While the earthquake in Philippi that night certainly rocked the jailhouse, there were some other things that rocked it as well - things that can still rock all kinds of places today and cause similar effects. What shook the jailhouse that night besides the quake will not register on the Richter Scale. It was the impact of the actions of two men, filled with the Holy Spirit of God, who cared more for the work of their Lord than they did the continuance of their lives.
We're going to consider the earthquake story that is told in Acts 16:16-34. Please join me there in your Bible.
(Read Acts 16:16-34)
As the dust settles on Luke's description of the effects of this quake, I'd like to suggest that it wasn't the only thing that rocked the house that night. I see at least three other things that shook the place up.

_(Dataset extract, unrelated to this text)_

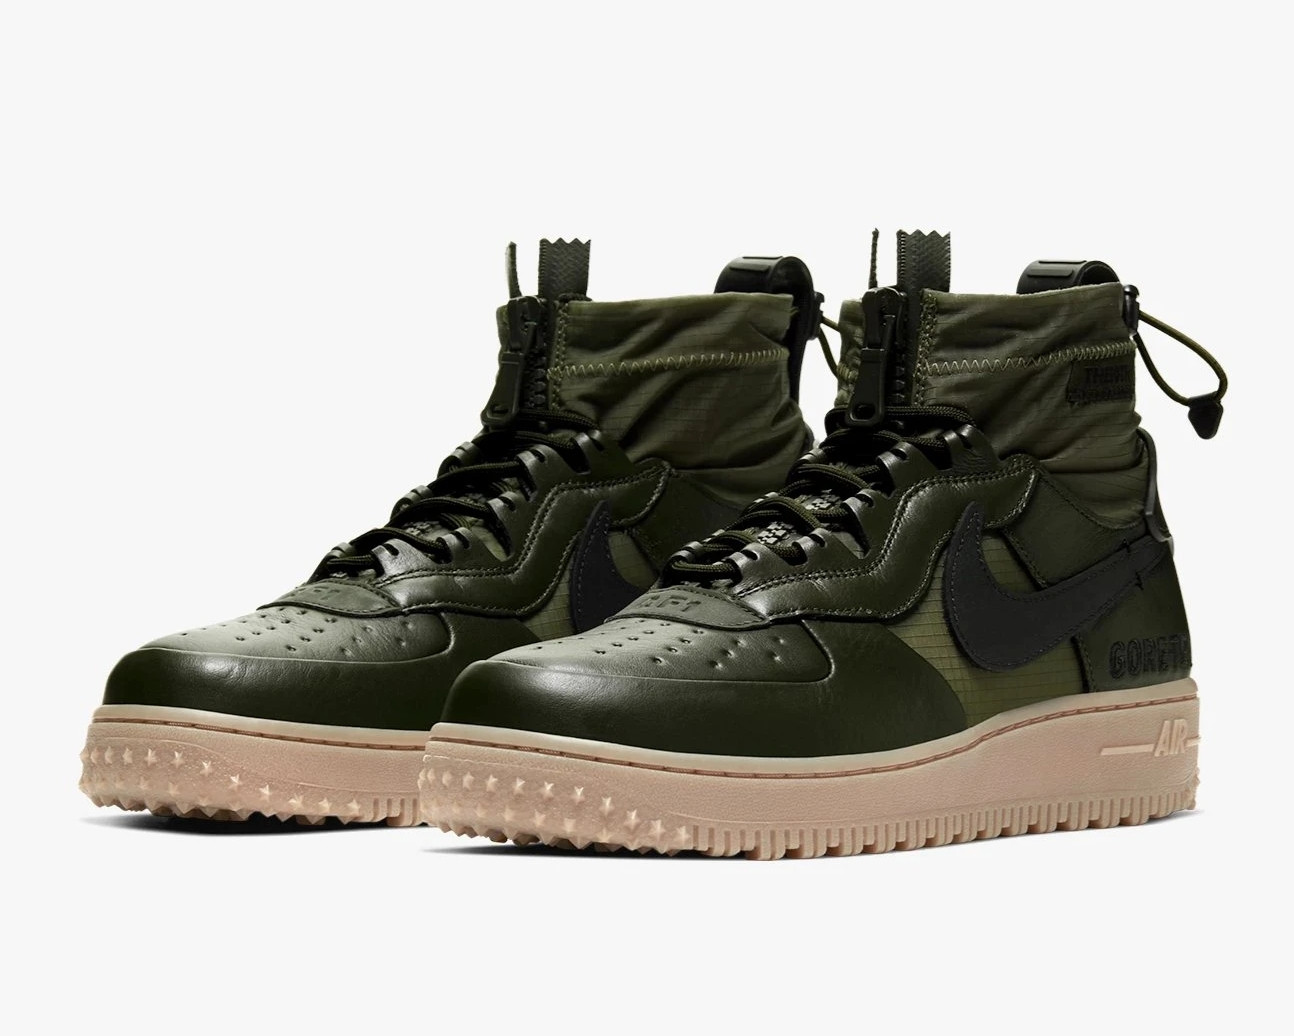 Tex x Nike Air Force 1 High Olive Green Brown CQ7211 - GmarShops - Where Buy the Dunk Low Fossil - Gore - 300

Each one changed the lives of some of the people present - forever.
1. The House was Rocked with Courage.
The courage shown by Paul and Silas that night was as rare in their day as it is in ours.
Let's read it again:
(Read v. 22-25)
Where in our modern world you will find a reaction like that to such mistreatment?
What were these guys singing about? Dont tell me they were just doing what comes "naturally." What comes "naturally" in such a situation is not singing praises to God. What comes "naturally" is cursing. If not cursing, it's withdrawing, vowing never to get involved with helping another person because the cost is just too high. "We'd have been better off," such a person thinks, "to have never butted in. Next time, we'll mind our own business and keep our mouths shut! They can go to hell if they want to."
No, they weren't doing what comes naturally. They were doing what comes hard. They were doing what takes courage. They were openly, through their singing, in spite of their hurting, declaring their stubborn trust in God's care and providence for them!
In a generation that thinks it takes "courage" to get out of bed on Sunday morning and come an air-conditioned church building, where will you find a reaction like this one? In an age like ours where many think it takes courage to admit to a fellow worker that you're a believer, where do you find such courage as exhibited by Paul and Silas?
This kind of courage shakes things up, even among a house full of hardened criminals because it's so odd - so unnatural! Luke tells us in verse 25 that "the prisoners were listening to them." I don't think it's because they sounded like Stephen Curtis Chapman. It wasn't the concert quality of their music that attracted a small crowd of listeners in this jail and got the place rocking.
Perhaps one of the reasons churches are so inclined to make their worship services a big, entertaining production today in order to attract people is that we, for the most part, lack the kind of courage that was attracting these hardened sinners in this hell-hole prison!
When our actions in our every day living stand out no more than the actions of the lost world around us, do we really wonder why they don't beat a path to our door? No, I'm not saying that such courage will change the multitudes. The multitudes walked away from the courage of Jesus Himself. But here and there are good and honest hearts that will be changed when they see something real - something that isn't choreographed for the camera or rehearsed in the studio. It just does what it does because that is the way it is.
Some folks think courage means having no fear. Because of their erroneous definition, they unintentionally bar courage from their lives. Courage isn't the lack of fear. Courage is moving on and doing what is right in spite of fear.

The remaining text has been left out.